Иногда, даже когда я уверен, что попал куда надо, в шприце оказывается только тонкая струйка крови. Это может означать, что игла вне вены, например прошла насквозь. А может быть, в вене небольшой просвет, и я могу двигаться вперед. И тут нужно срочно принять решение. Пытаться ли ввести препарат? Если я сделаю это, когда игла не в вене, то почувствую сопротивление, лекарство пойдет туго, и я увижу маленькую впадинку в месте укола, мизерный и ненавистный признак проблемы — задержки инъекции. Тогда выбора уже не будет, и мне придется вытащить иглу. Попадая в мягкие ткани, морфий причиняет боль и оставляет большой синяк. Я потеряю часть лекарства. Эта ужасная ямка означает обломанный кайф. Здравый смысл подсказывает немедленно остановиться и начать все сначала: отступить от ритуала, набраться терпения, вынуть иглу, надавить на место укола, чтобы остановить кровотечение и уменьшить кровоподтеки, проявить благоразумие, проделать все заново, найти другую вену. Но когда я так близок к цели, это трудно, ведь наркоманы нетерпеливы. Я хочу наркотик сейчас.

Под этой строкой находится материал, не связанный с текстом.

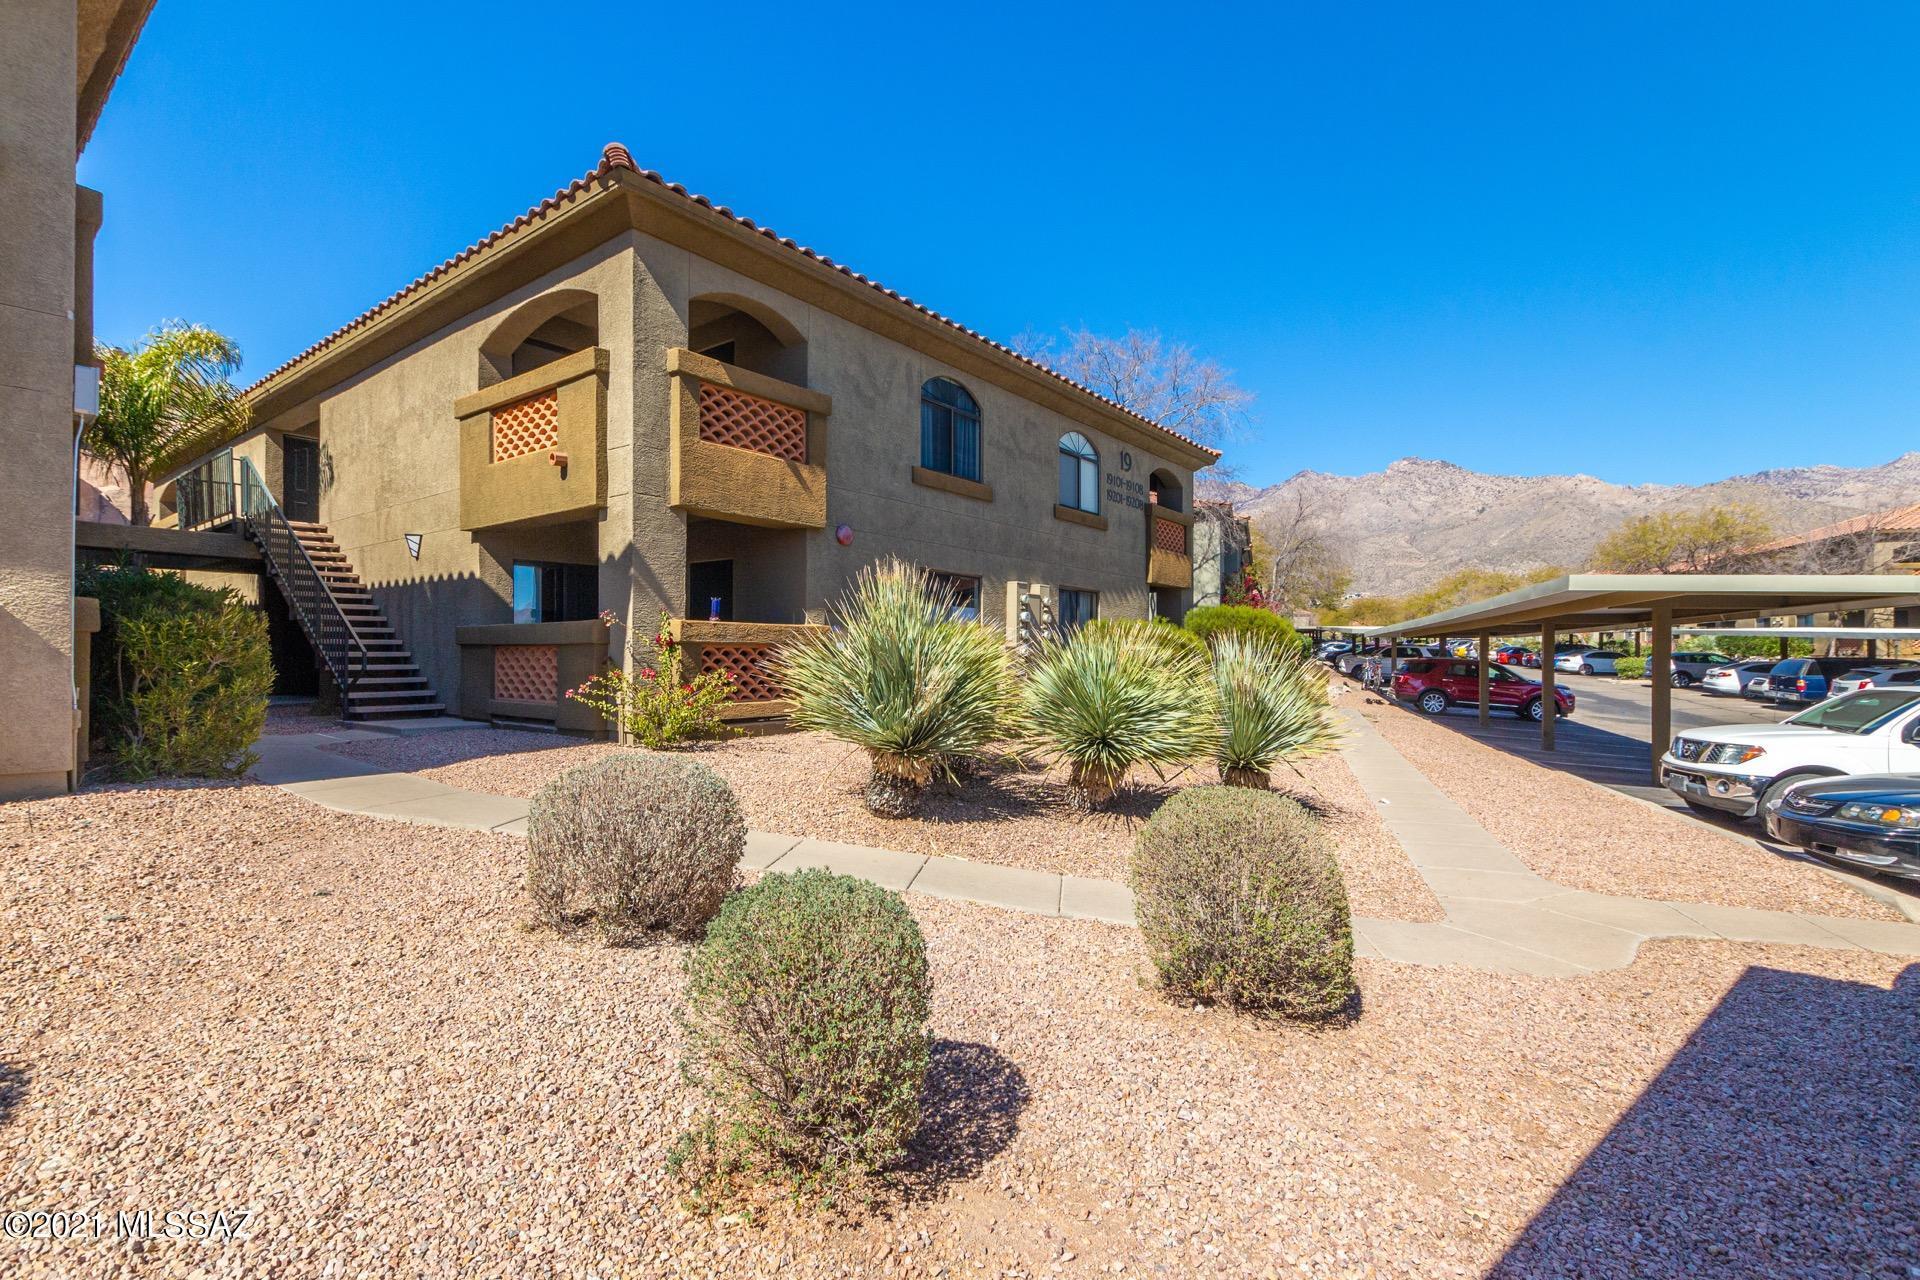 Photo of 5751 N Kolb Road, Tucson, AZ 85750

К тому же, если мне придется пробовать еще раз, есть опасность, что кровь, попавшая в шприц, свернется там, и я потеряю препарат. Внезапно я впадаю в панику. Быстро решай, перелить ли лекарство в запасной, припасенный заранее шприц, поскольку сгусток, скорее всего, образуется в носике, но тогда я могу упустить часть лекарства при переливании — немного, но я не хочу утратить ни капли. Быстро — снова наложить жгут, быстро, быстро, найти другую вену, где-нибудь, пусть на запястье, пусть будет синяк, пусть все видят, быстро, быстро, это уже не та расслабленная и приятная на ощупь вена, которая мне так нравилась несколько минут назад. Я вытаскиваю иглу — с нее может капать кровь, оставляя пятна на постельном белье и рубашке. На всякий случай я обычно ношу темную одежду, но проблема промокнуть кровь салфеткой сейчас не самая главная. Я бросаю иголки на пол — не забыть бы потом их найти. Мне нужно отыскать вену и сделать укол, прежде чем потеряю препарат, и что бы я ни делал, этого не должно произойти. В такой панике у меня могут возникнуть проблемы с поиском вены. Возможно, придется предпринять несколько попыток в нее войти, раз за разом отчаиваясь все сильнее, и повсюду будут кровь, разбросанные иглы и окровавленные салфетки. Иногда я втыкаю иглу почти наугад, туда, где, по моему мнению, должна быть вена, должна же она быть где-то там — но там ее нет, и каждая попытка оставляет кровавый синяк.
Но на этот раз я уверен. Кровь свободно и легко прилила в шприц. Никаких сомнений: я в вене.
Все готово. Завершение моего тщательно разработанного плана — дойти до этого момента. Называйте меня наркоманом Павлова. Я достаю новую упаковку, аккуратно раскладываю принадлежности. Я один, и никто меня не потревожит. Собираю все необходимое: жгут, надежный, — не расстегнется, когда я его затяну, и легко снимется, когда игла будет в вене; два шприца на два кубика — запасной на случай, если промахнусь и в первый угодит сгусток крови; две иглы с зелеными канюлями и пять или шесть с оранжевыми; салфетки, желательно темные, или, если их нет, темное полотенце. Закрываю дверь, накидываю жгут петлей на руки и крепко стягиваю, видя, как выступает вена. Прикасаюсь к ней, чувствую ее. Вынимаю ампулу из упаковки, вскрываю, вставляю иглу в шприц, ощущаю скрежет длинной иглы по стеклянному донышку, вытягиваю лекарство.
Я пробовал колоть другие препараты, которые не дали бы кайфа, и мне об этом было известно.
Даже когда не собираюсь колоть, я ловлю себя на том, что рассматриваю вены на запястье и предплечье, задумчиво потираю их пальцами. Более того, я замечаю вены у других. Даже когда выпиваю с друзьями, смотрю, у кого они выступают. Вероятно, отчасти (хотя и в очень малой степени) это может быть и последствием того времени, когда, будучи студентом медицинского, я учился устанавливать внутривенный катетер. Я мгновенно вычисляю пациента с толстыми выступающими венами, похожими на канаты, а вот у человека с пухлыми руками попадание в вены, погребенные под слоем подкожного жира, может быть проблемой.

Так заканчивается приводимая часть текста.